Neither Party shall be liable to the other for damages without limitation (including liquidated damages) if such Party’s performance is delayed or prevented due to an event of Force Majeure. In such an event, the affected Party shall promptly notify the other of the event of Force Majeure and its likely duration. In the event of a delay in either Party’s performance of its obligations hereunder for more than sixty (60) days due to an event of Force Majeure, the other Party may, at any time thereafter, terminate this Agreement.
Customer may not assign or transfer any of its rights or obligations under this Agreement without the prior written consent of Sust.
All terms and provisions of this Agreement that should by their nature survive the expiration or termination of this Agreement shall so survive.
13. Governing Law; Venue; Jurisdiction
This Agreement and performance under it will be governed by and construed in accordance with the laws of the State of Maryland, without regard to choice of law principles. Venue and jurisdiction for any action or claim arising out of or relating to this Agreement shall be in the state and federal courts located in Maryland. The Parties consent to the venue and jurisdiction of such courts and waive any objections to such venue and jurisdiction.

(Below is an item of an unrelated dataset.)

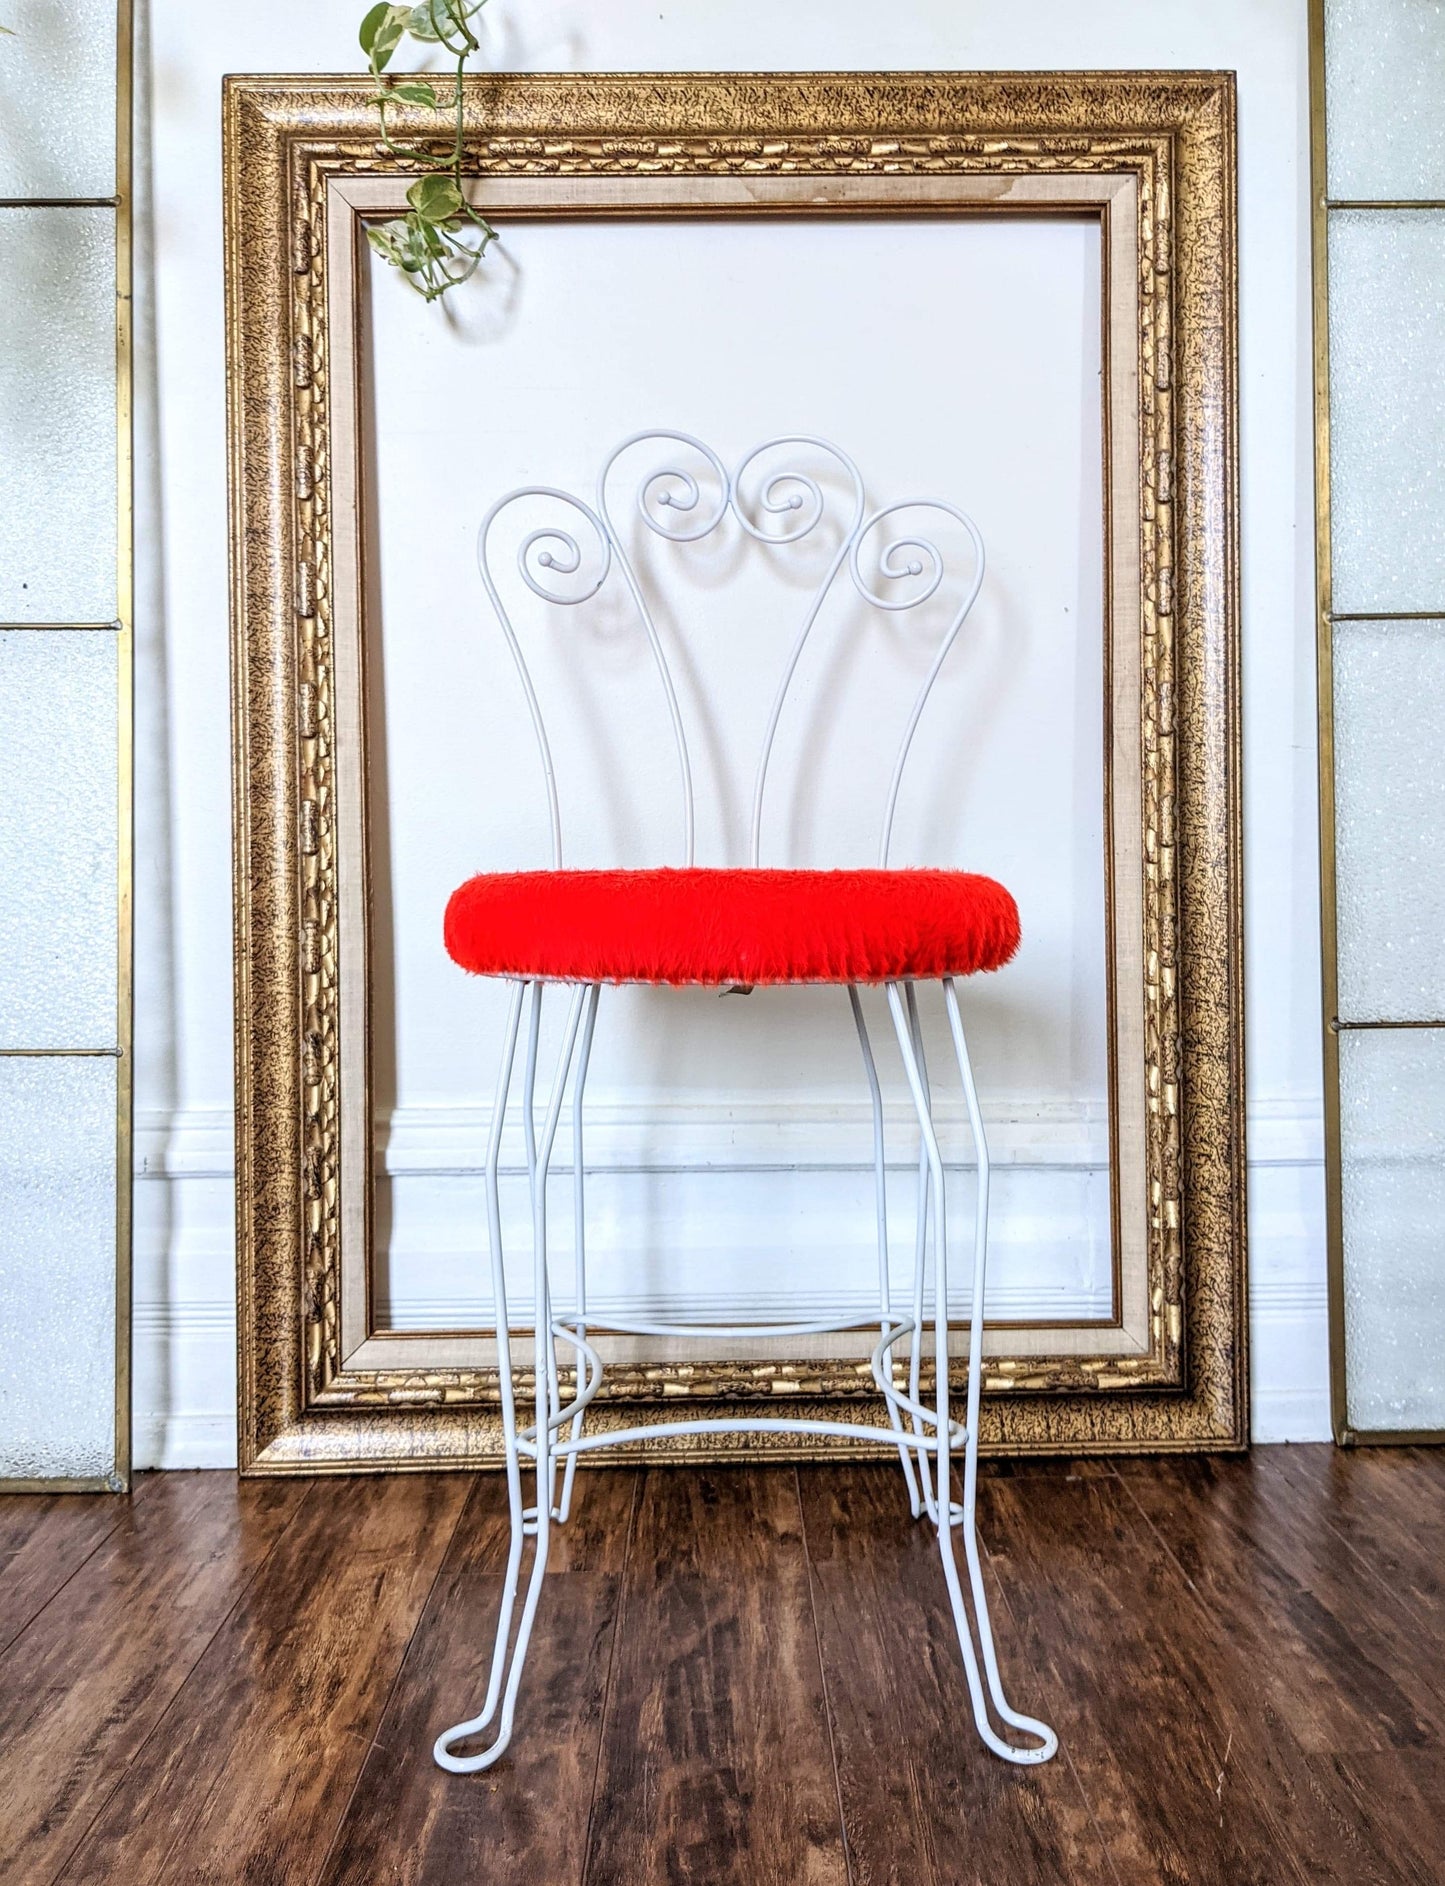 The Bella Donna Chair

This agreement constitutes the final and entire agreement between the Parties. There are no representations, terms, or conditions (oral or written) other than those expressly set forth in this Agreement. The submission of this agreement for the Customer’s approval does not obligate Sust to perform the services described unless and until the agreement is approved or signed by an authorized representative of Sust and accepted and approved by Sust. Customer understands and hereby agrees that this Landscape Service Agreement may be subject to assignment by Sust to its assigns and/or successors in interest, and Customer hereby consents to any such assignment by Sust. This Agreement is considered accepted by both Parties upon digital acceptance of an estimate.